In total all but one of the 93 projected carpets were woven between 1668 and 1688, with sixty supplied by the Lourdet family and thirty-two by the Dupont family. By the 1670s however, the King had abandoned the idea of making the Louvre his principal seat in favour of Versailles, and it seems unlikely the series was ever installed. The carpets remained in the possession of the Royal Garde-Meuble, some occasionally used in various royal residences and others offered as diplomatic gifts. During the torment of the Revolution several were sold to suppliers of basic goods and foodstuffs, and in 1797 the Directoire government gave 27 Grande Galerie carpets to the supplier Raymond Bourdillon as payment for horse fodder, including the present lot, which apparently returned into government possession before definitively leaving the national collections at an unknown date. Numerous examples were reduced in size and/or cut down and re-assembled, and many are still unrecorded and presumed lost.
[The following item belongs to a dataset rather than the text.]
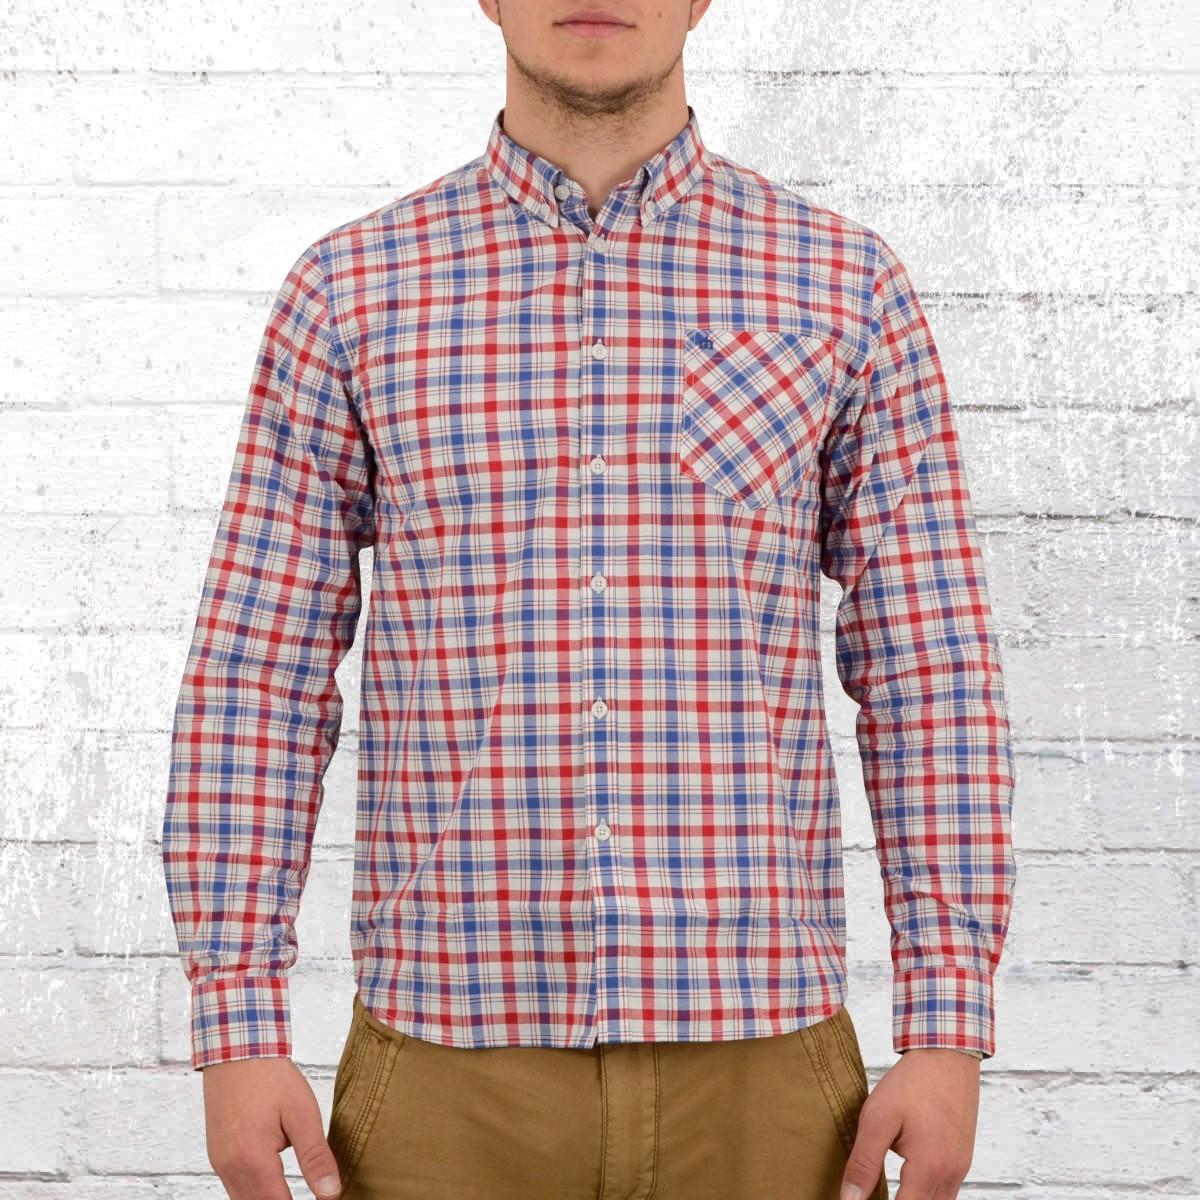 d5eb5988a70 Merc Check Shirt Longsleeve Button-Down Walpole red blue white. ›‹ «

The French Mobilier National state collections still retain the largest surviving group of over fifty, and interestingly these were woven together and laid on the floor of the Hall of Mirrors in Versailles during the signing of the Treaty of Versailles in 1919, possibly the only instance of these carpets being used as they were originally intended. Other surviving carpets or fragments are in the Metropolitan Museum New York, the Philadelphia Museum of Art, The Huntington Art Museum and Waddesdon Manor.


A smaller fragment of this carpet assembled from two of the stag heads from the outer corners was sold Sotheby's Paris, 13 November 2018, lot 11. Another fragment depicting a landscape cartouche said to possibly form part of this carpet was sold Christie's New York, and though as Burchard argues, the archival description is too vague to definitively identify these panels as missing elements from carpet 43, and indeed the subjects a coastal scene with a castle, perhaps not the most appropriate landscape scene for a hunting theme. A fragmentary carpet of two allegorical bas-relief cartouches from the end sections of no. 50 in the series was sold Sotheby's London, 6 July 2016, lot 9 (GBP 341,000 with premium), and a large fragmentary carpet comprising the inner and outer panels of no.61, formerly in the Charles Deering collection, was sold Christie's New York, 24 May 2000, lot 315 (USD 1,326,000 with premium).